To solve the given rational equation, we need to perform the following steps:
The given equation is:
`(x+5)/x - 3/(x+5) = 15/(x²+5x)`
Step 1:
To make calculations easier, we can multiply all terms by `x(x + 5)(x² + 5x)`, the least common denominator (LCD).
The equation becomes:
`x(x + 5)(x² + 5x) * (x+5)/x -x(x + 5)(x² +5x)* 3/(x+5) = x(x + 5)(x² + 5x) * 15/(x²+5x)`
Step 2:
Each term will now simplify:
`(x + 5)(x² + 5x) - 3x(x² +5x) = 15x(x + 5)`
Step 3:
Distribute each term:
`x³ + 10x² + 25x - 3x³ -15x² = 15x² + 75x`
Step 4:
Combine like terms to form a polynomial:
`-2x³ - 5x² + 25x = 15x² + 75x`
Step 5:
Set the equation to zero:
`-2x³ - 20x² -50x = 0`
Step 6:
Since our equation is equal to zero, we can divide all terms by -2 to simplify:
`x³ + 10x² + 25x = 0`
Step 7:
Now we can factor the left side:
`x(x² + 10x + 25) = 0`
Step 8:
Then set each factor equal to zero and solve for `x` to get the solutions:
If `x = 0`, we insert it into the original equation, we will get `5/0 - 3/5 = 15/0`, which is undefined. Therefore, `x = 0` is an extraneous solution.

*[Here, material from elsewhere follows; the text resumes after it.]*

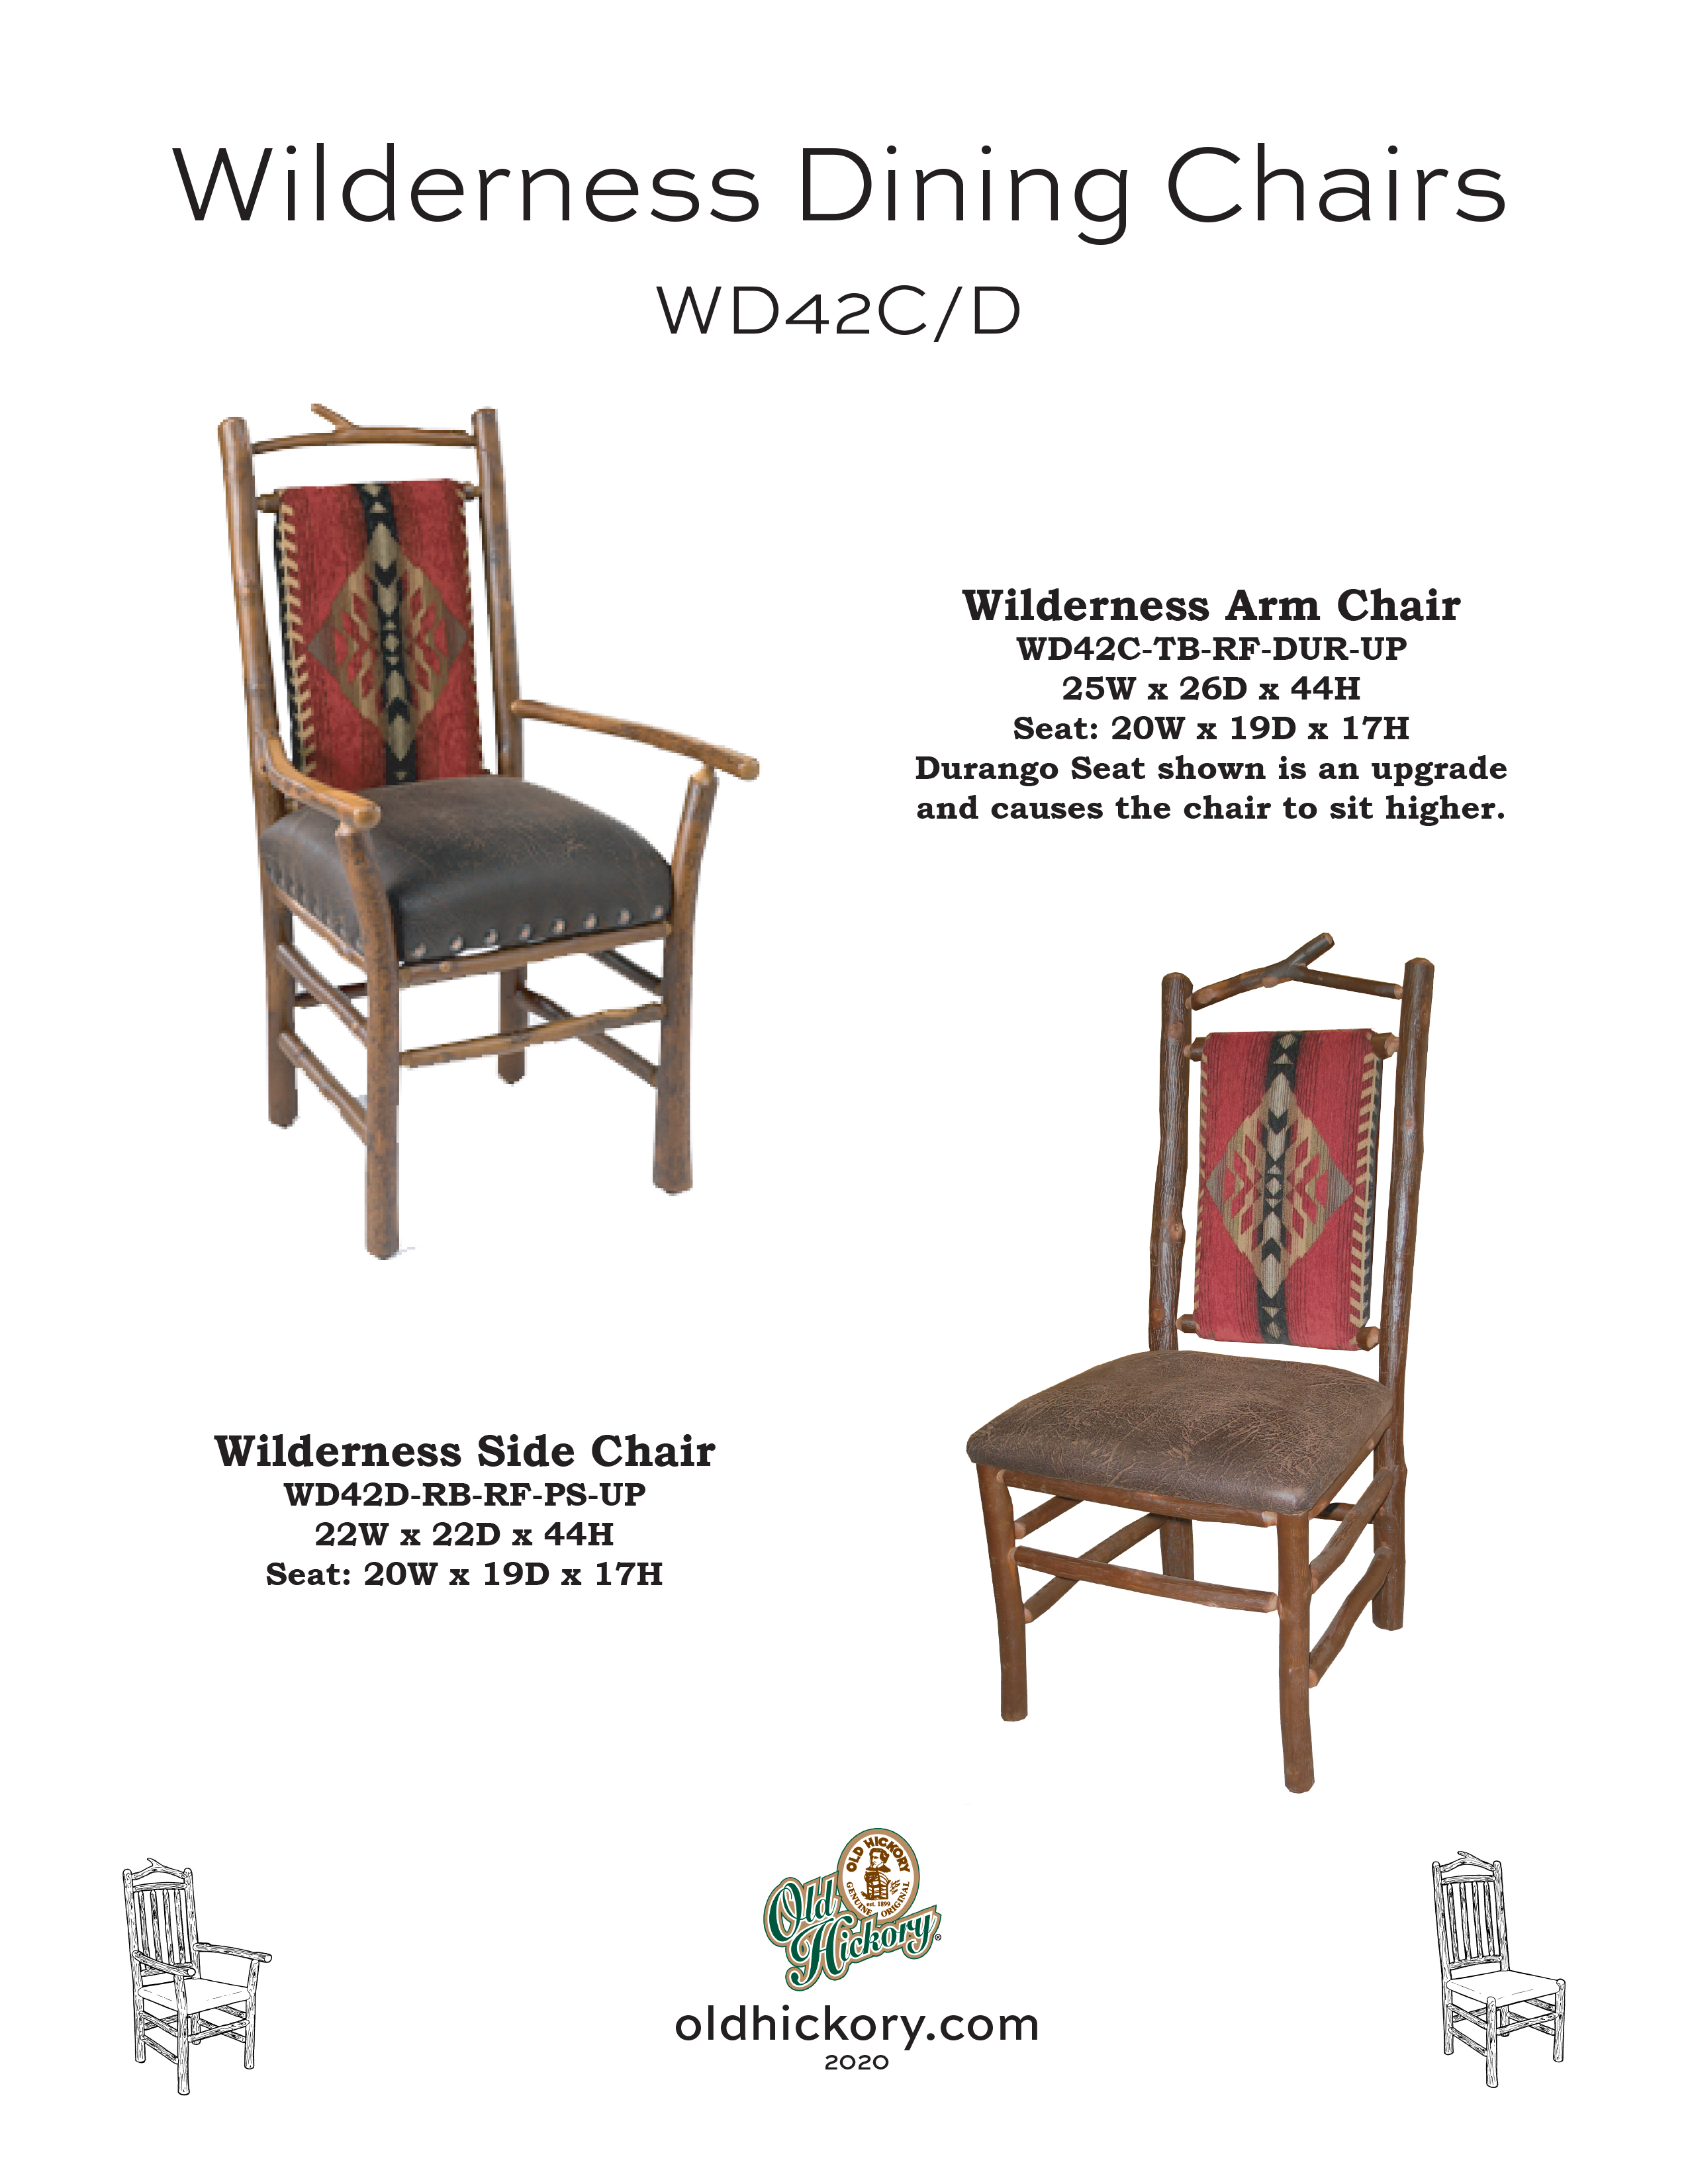 WD42C & WD42D

For `x² + 10x + 25 = 0`, we use the quadratic formula to solve for `x`:
`x = [-b ± sqrt(b² - 4ac)] / (2a)`
For `a = 1, b = 10, and c = 25,` the solutions are `x = [-10 ± sqrt((10)² - 4*1*25)] / (2*1) = -5 ± sqrt(0)`
This will simplify to `x = -5 ± 0`.
Therefore, we have one real solution, `x = -5` and we insert into the original equation to check for extraneity.
`(x+5)/x - 3/(x+5) = 15/(x²+5x)`
`(-5+5)/-5 - 3/(-5+5) = 15/((-5)²+5*-5)`
`0 - 3/0 = 15/(25-25)`
This gives an undefined result, therefore `x = -5` is also an extraneous solution.
This leaves us with `x = -2` as the only valid solution.